Степанов не мог больше сидеть в темном парадном и вышел на улицу. Летел тополиный пух. Гасли окна в домах. Были слышны шаги прохожих, которых никогда не слышно днем. Если слышны шаги на улице - значит, пришла ночь.
К подъезду подъехало такси. Степанов рванулся к машине. Из такси вышла Надя. Степанов и Надя стояли друг против друга - молча и неподвижно, только Степанов чувствовал, как у него все сильней трясется под коленкой и холодеет в висках.
Надя с трудом разлепила губы и чуть слышно спросила:
- Нет?
Степанов хотел ей что-то ответить, но ответить не смог и только медленно покачал головой.
- Где они?
Степанов снова ничего не ответил ей, хотя собирался сказать, что знает не больше ее самой. Он поднял плечи и развел руками.
Надя вошла в темный подъезд, а Степанов остался стоять у двери. Он вспомнил своего знакомого англичанина, доктора философии из Лондона. Чуть наигрывая, он говорил Степанову:
- Каков закон отцовства? И есть ли он вообще? Конечно же есть. Люди живут по извечным законам. Но законы меняются. Любовь восемнадцатого века была романтической, подкрепленной серенадами. Она принадлежала немногим, та любовь. Революционный девятнадцатый век создал новую любовь - любовь самопожертвования. Она принадлежала многим, но не всем. Так же, по-прежнему, одни любили, другие продолжали человеческий род. В двадцатом веке - веке кинематографа - любят все. Высокие скорости через высокий риск рождают эгоизм.

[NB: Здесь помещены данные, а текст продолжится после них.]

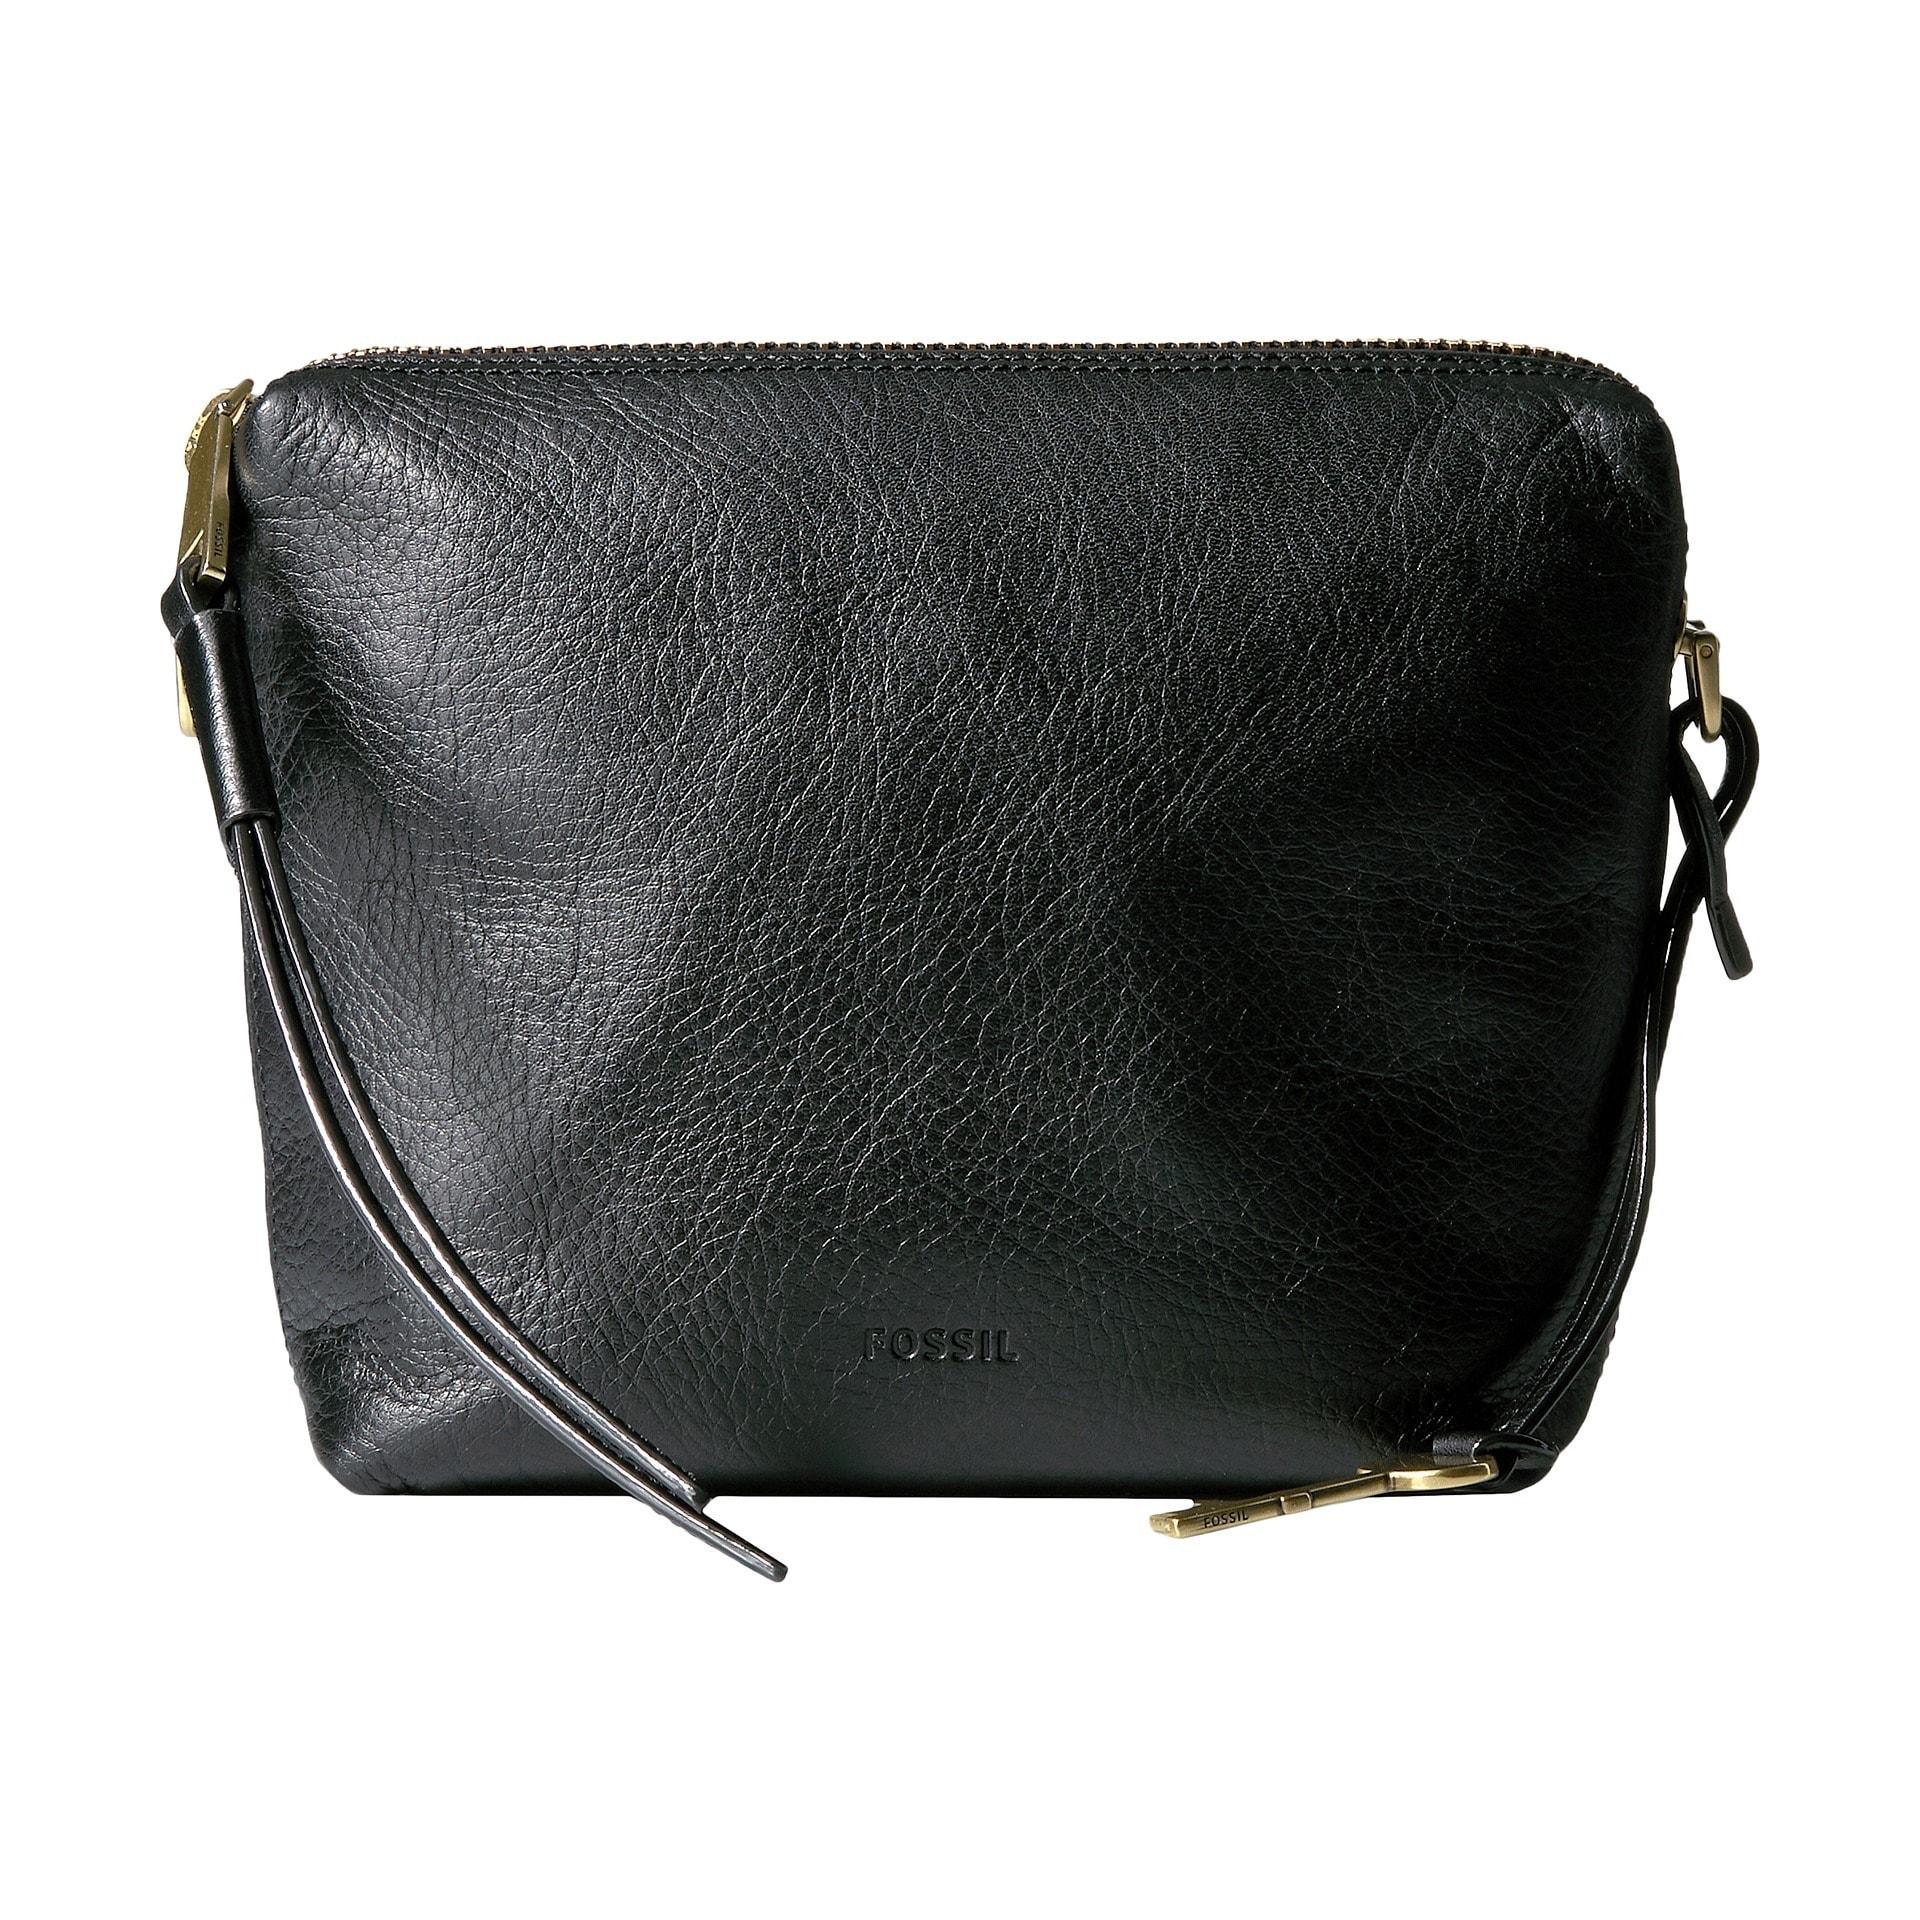 Fossil Maya Black Leather Crossbody Handbag (Black), Women's

Мальчики и девочки двадцатого века считают, что самое важное в жизни - это удовлетворять возникающие желания. Так приходит забвение песни. Но в каждом веке живут люди старого века. Это вольтова дуга, если век восемнадцатый любит век двадцатый. Это счастье и отчаянье, это вера и безверие, это чистота и грязь. Хотя кто посмел бы назвать грязью поле после весеннего дождя? Или желтую чавкающую глину ранней весной, когда сойдет снег и ноги не выдерешь из студенистой желтой земли? Почему грязь? Грязь только тогда, если врут. Все остальное - чисто.
Либо разница в возрасте, либо одинаково сумасшедшие характеры, либо незнание, либо просто радость от всего, что происходит, - вот гарантия прочности чувства. Последнее, правда, редкостно и возможно только в том случае, когда нет детей, а символ жизни: <Все идет к лучшему в этом лучшем из миров>.

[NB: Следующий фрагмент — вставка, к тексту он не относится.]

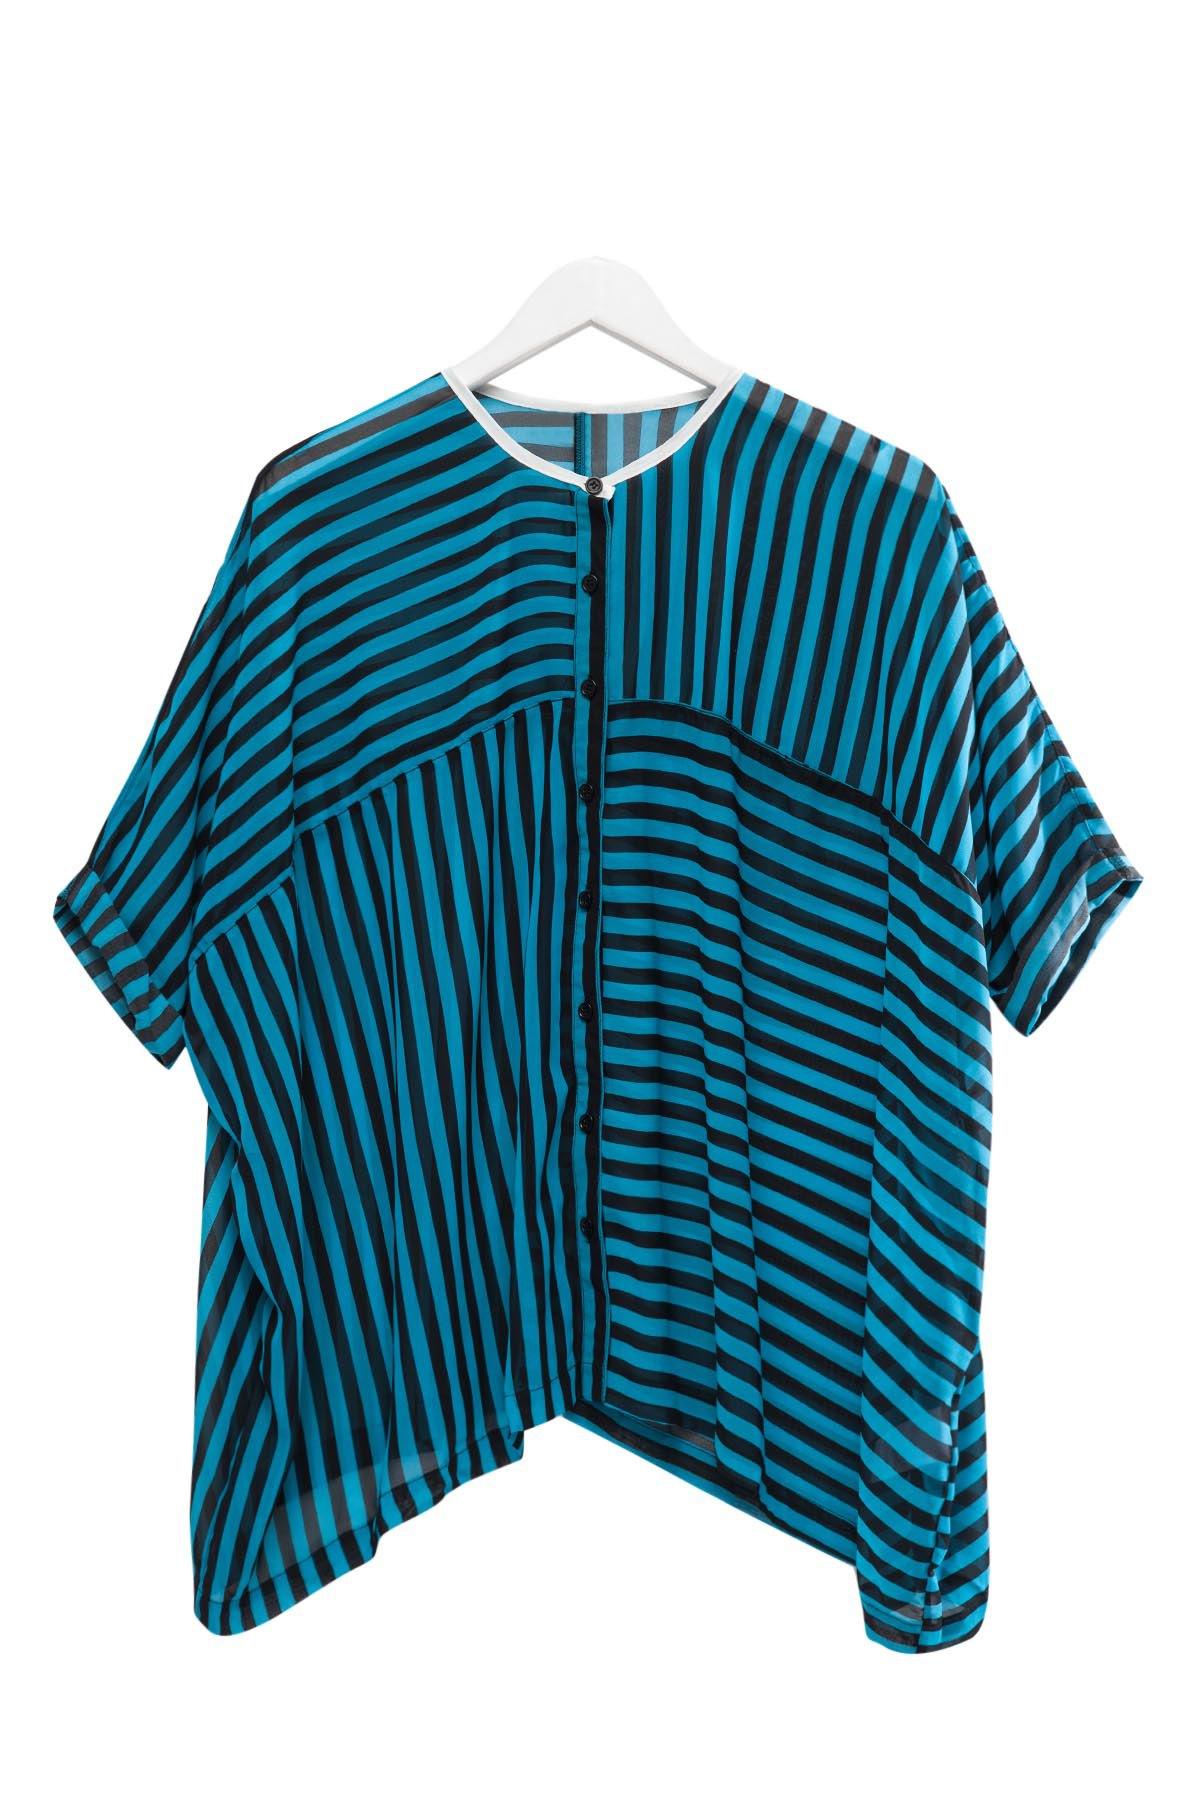 Stripe See-Through Half Sleeve Shirt

Степанов пытался было спорить, но философ сказал:
- Бросьте, это моя исповедь.
- Никита, я домой хочу, - сказала Дуня, - здесь все какие-то сумасшедшие. Кричат, кричат. А зачем кричат - сами даже совсем не знают.
- Знают, Дунька.
- Пошли? А то мама будет беспокоиться.
Молодежное кафе смеялось, танцевало, пело. Лица молодых людей были красивы. За окнами проносились редкие машины. Фонари светили голубым светом. Посреди высоких домов независимо торчал огрызок месяца.
- Дунь, - сказал Никита, - пойдем, я наберу номер, а ты поговоришь с Анютой.
- Про что?
- Ну, как она доехала...
- Пошли...
Никита набрал номер. Дунечка взяла трубку и сказала:
- Алло. Это кто? Пожалуйста мне Аню. А кто это? Коля?
- Какой? - спросил тихо Никита. - Заика?
- Да, - ответила Дунечка, - с которым ты дрался. Это я не вам, Коля, это я Никите.
Никита взял у Дуни трубку и спросил:
- Вариант <природа не терпит пустоты> - так надо понимать твой визит?
Коля ответил:
- Ты дурак, Никитонский, о-обыкновенный полноценный д-дурак.
Никита повесил трубку и сказал:
- Дунь, едем к ним.
Они вышли из кафе. У дверей стоял Оля с тремя дружинниками.
- Это он, - сказал Оля, - это он, товарищи.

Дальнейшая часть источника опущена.